# Notebook 5.1 - Curation-Keywords (alpha release)

The final release of this notebook will implement the workflow defined in:

[Curating keywords](https://gitlab.gwdg.de/sshoc/marketplace-curation/-/issues/1#note_71056) GitLab issue

The notebook is composed of 4 sections:

0. Import external libraries and loads the MP dataset and the google sheet
1. Look for vocabulary terms with the value from the column *Keyword to map*
2. Look for the term in the column *Map to*
3. Go through all MP items to look for the *keywords-to-map* in the keyword-dynamic-property


## 0 Requirements to run this notebook

This section gives all the relevant information to "interact" with the MP data.

### 0.1 libraries
*There are a number of external libraries needed to run the notebook* 

*Furthermore, a dedicated SSH Open Marketplace library - sshmarketplacelib - with customised functions has been created and can be imported using the python import commands.* 

*Below the libraries import needed to run this notebook*

In [1]:
import numpy as np
import pandas as pd
import requests
#import the MarketPlace Library 
from sshmarketplacelib import MPData as mpd
from sshmarketplacelib import  eval as eva, helper as hel

### 0.2 Get the data



Get the MarketPlace dataset

In [2]:
mpdata = mpd()
df_tool_flat =mpdata.getMPItems ("toolsandservices", True)
df_publication_flat =mpdata.getMPItems ("publications", True)
df_trainingmaterials_flat =mpdata.getMPItems ("trainingmaterials", True)
df_workflows_flat =mpdata.getMPItems ("workflows", True)
df_datasets_flat =mpdata.getMPItems ("datasets", True)
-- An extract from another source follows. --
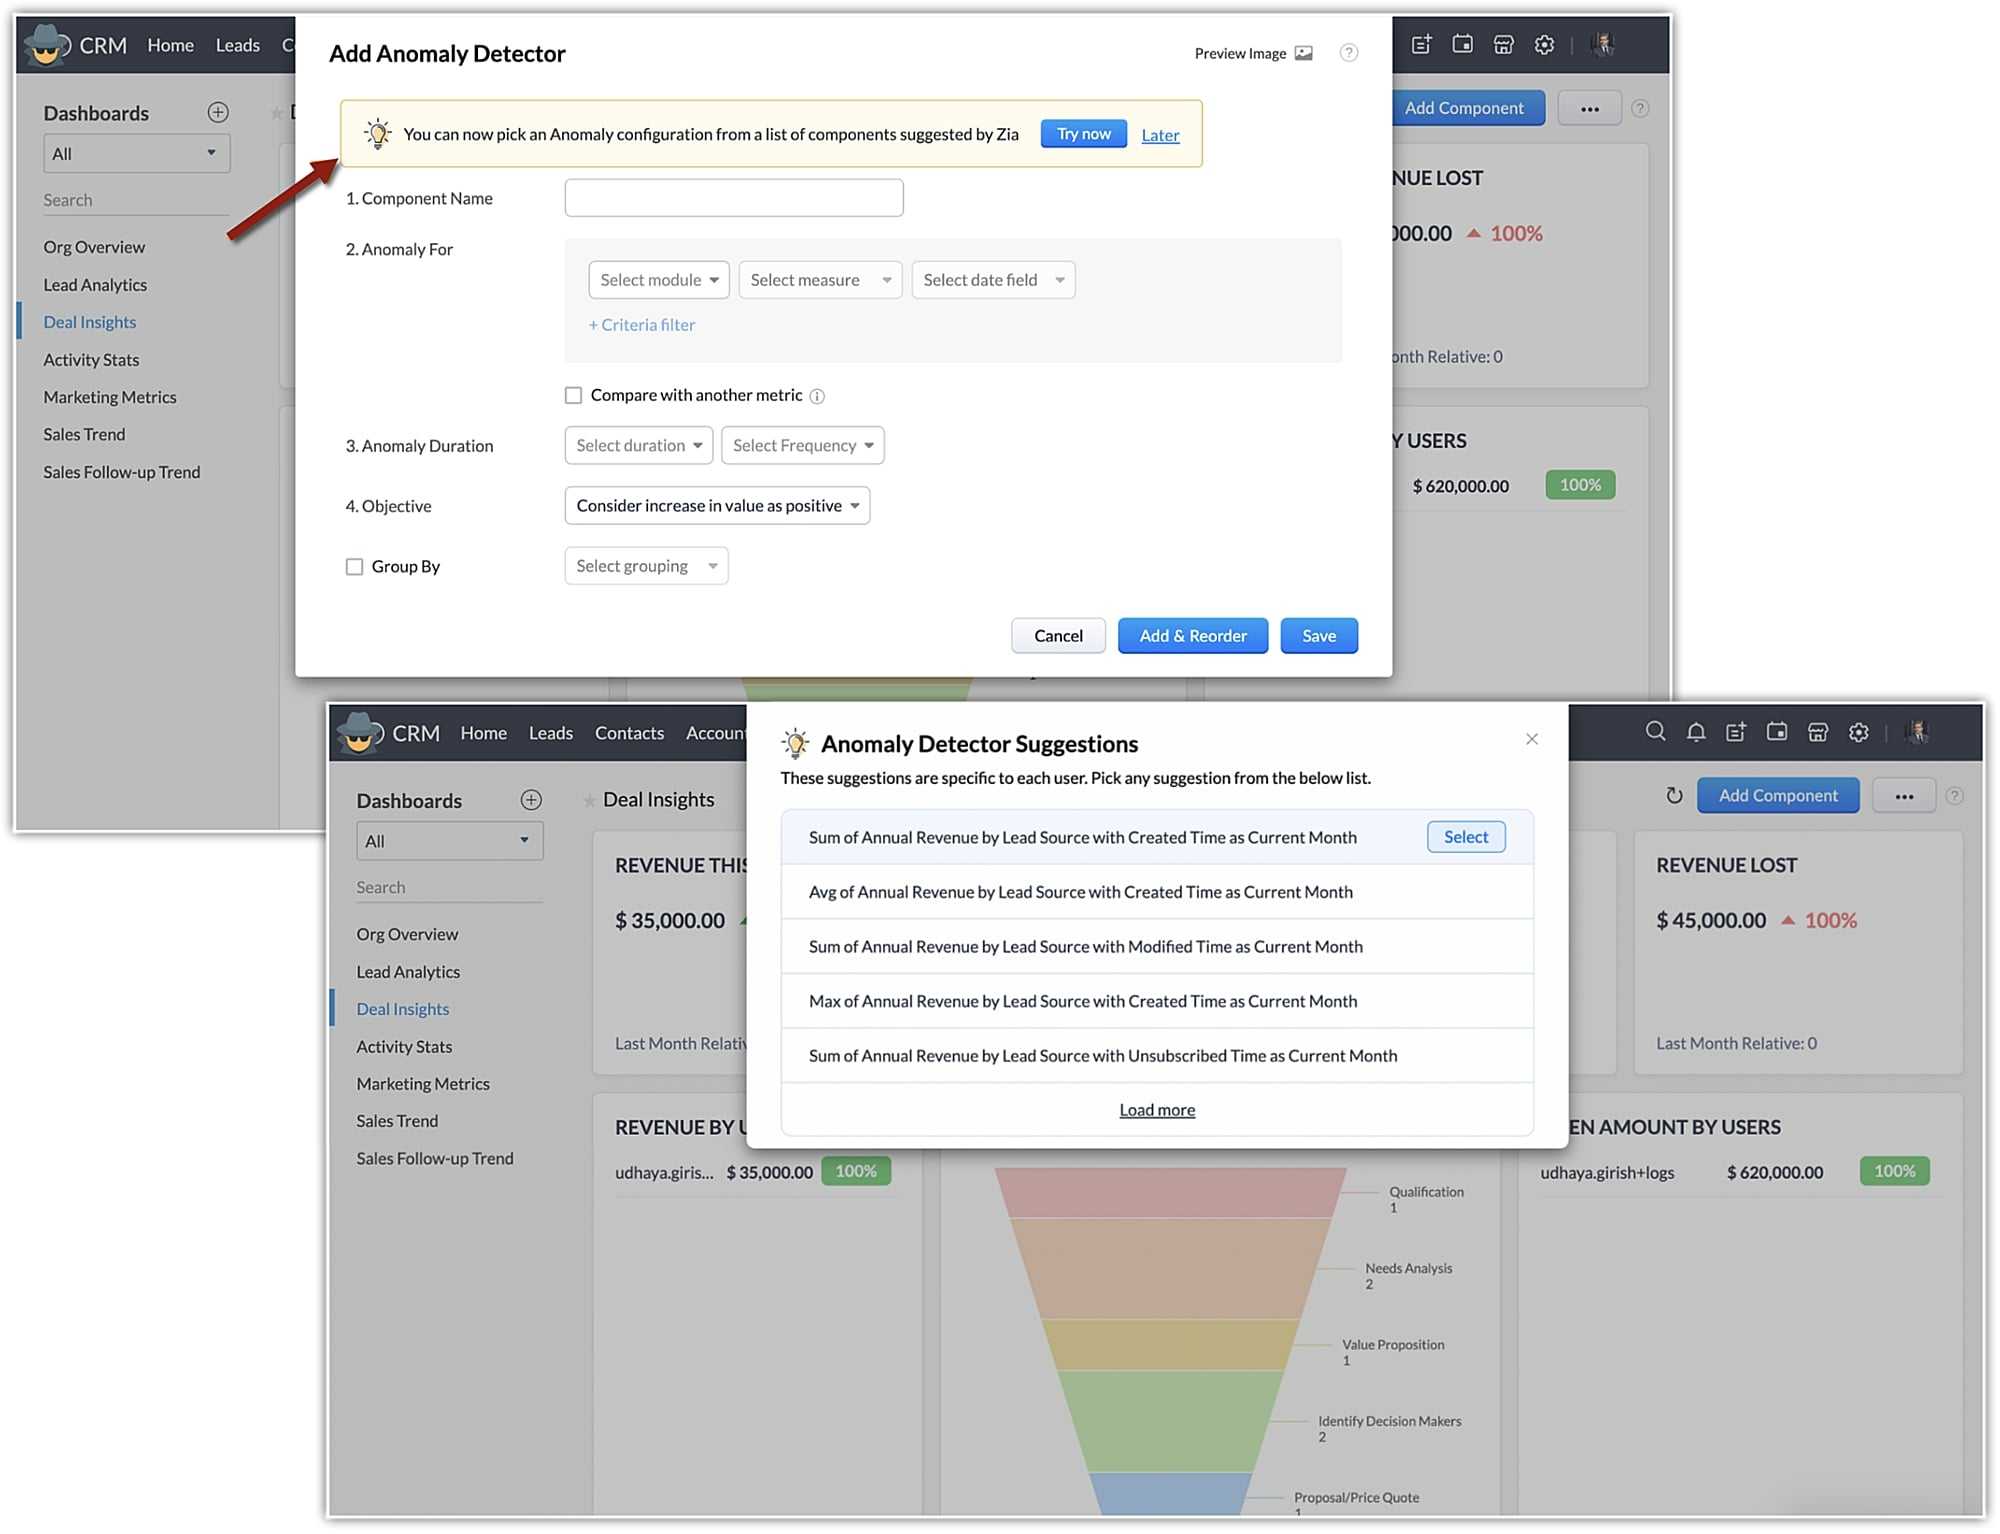 Add anomoly Detector Suggestions in Zoho CRM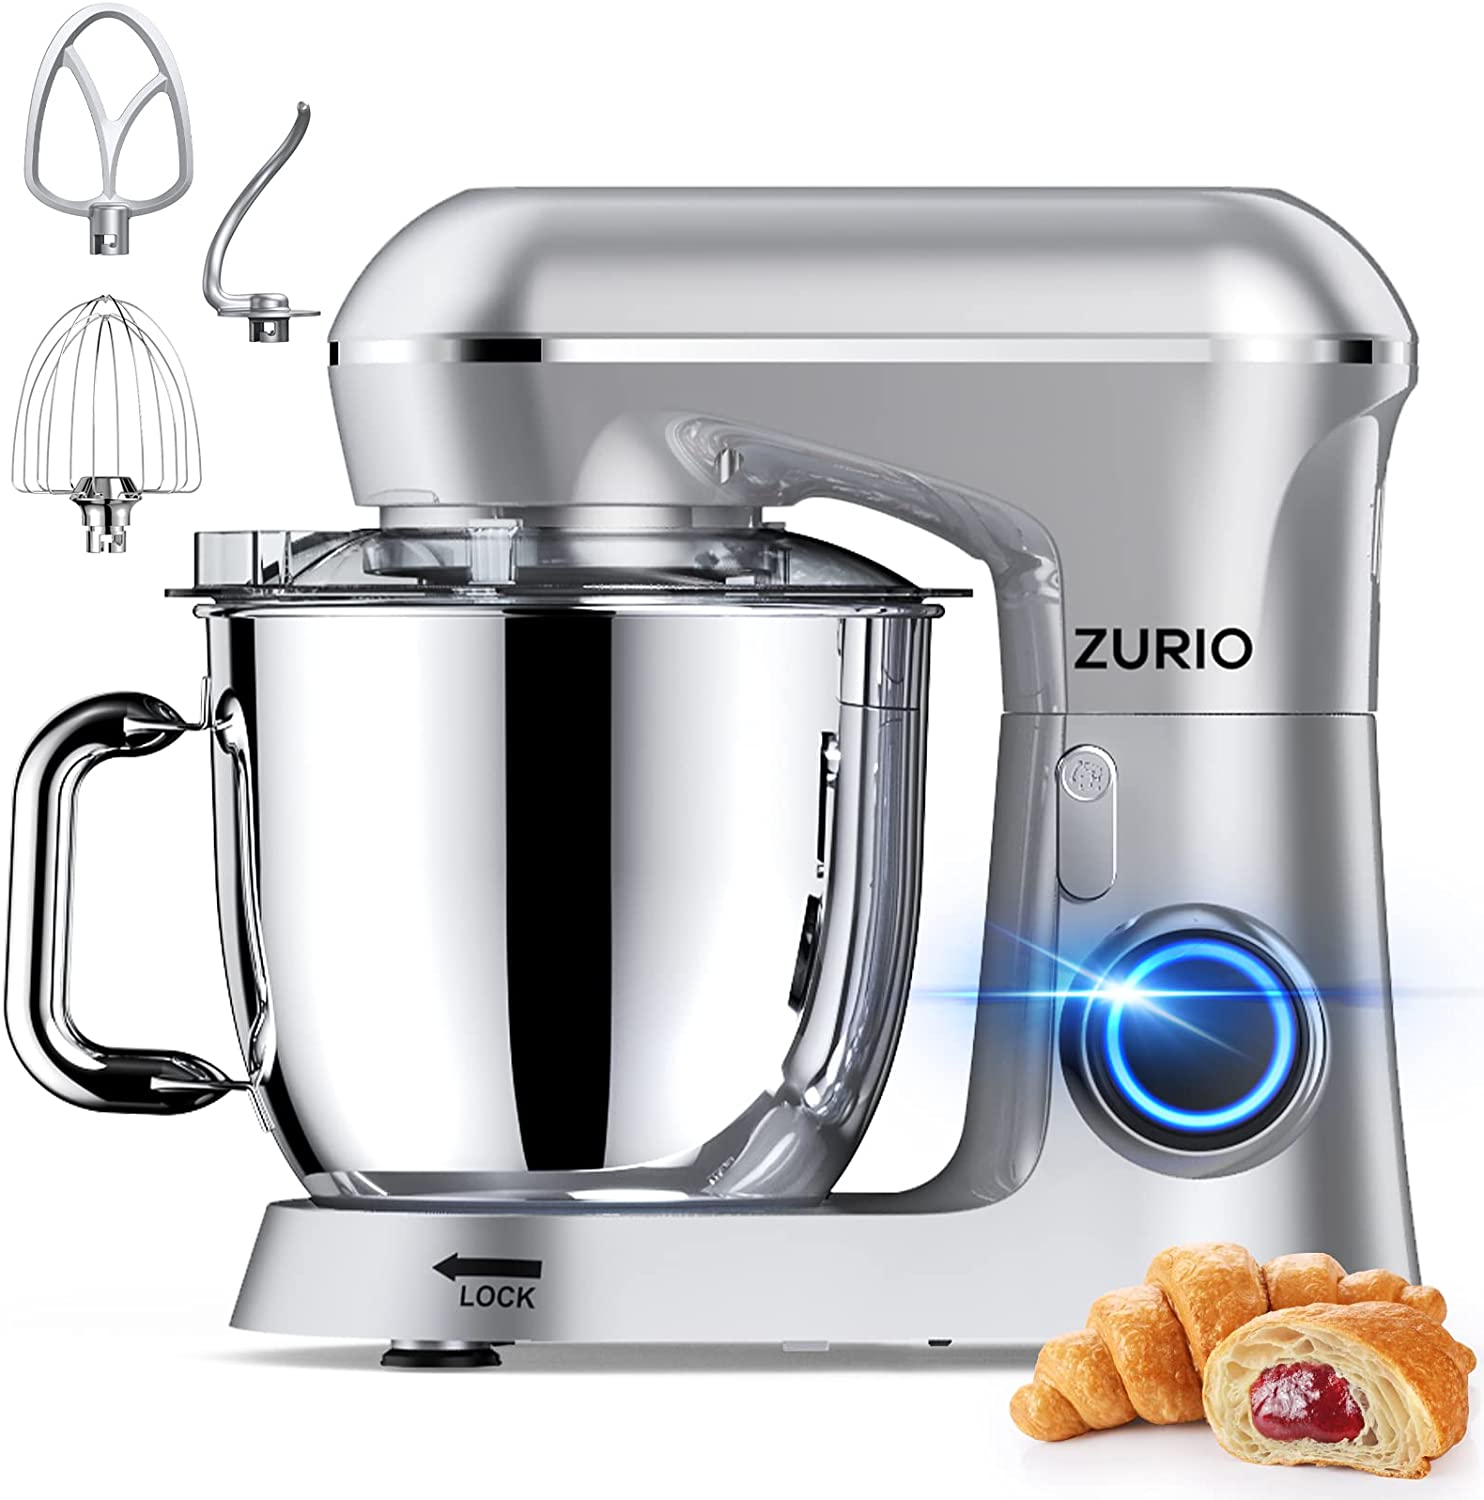 zurio Zuiro Food Processor Mixer 1300 W 4.5 L Kneading Machine Mixing Machine 10-Speed Robot Kneading Machine with Quiet Fermentation Function, with Accessories Dough Hook, Whisk, Kneader, Silver

getting data from local repository...
getting data from local repository...
getting data from local repository...
getting data from local repository...
getting data from local repository...


Get the list of keywords from the [gsheet](https://docs.google.com/spreadsheets/d/1-Oh9_SxIhfMAT6KNJrMf4LetCpy5s1fHZEyTL__TUVA/edit#gid=0)

In [3]:
sheet_id = '1-Oh9_SxIhfMAT6KNJrMf4LetCpy5s1fHZEyTL__TUVA'
sheet_name = 'Mappings'
url = f'https://docs.google.com/spreadsheets/d/{sheet_id}/gviz/tq?tqx=out:csv&sheet={sheet_name}'
df_keywords=pd.read_csv(url)

### 0.3 A look at the data

A few lines of the gsheet

In [4]:
df_keywords.head()

Unnamed: 0,Keyword to map,Map to,Comment
0,Linguistics,https://vocabs.acdh.oeaw.ac.at/oefosdiscipline...,Sprach- und Literaturwissenschaften
1,History,https://vocabs.acdh.oeaw.ac.at/oefosdiscipline...,"Geschichte, Archäologie"
2,Literature,https://vocabs.acdh.oeaw.ac.at/oefosdiscipline...,Sprach- und Literaturwissenschaften
3,Video,https://vocabs.sshopencloud.eu/vocabularies/me...,video
4,Text,https://vocabs.sshopencloud.eu/vocabularies/me...,text


## 1 Look for vocabulary terms with the value from the column *Keyword to map*  

The function *getMPKeywordProperies(mKey)* is a custum function that uses the API entry 

    GET https://marketplace-api.sshopencloud.eu/api/concept-search?types=keyword&q=VALUE

and returns the vocabulary terms for *mKey*.  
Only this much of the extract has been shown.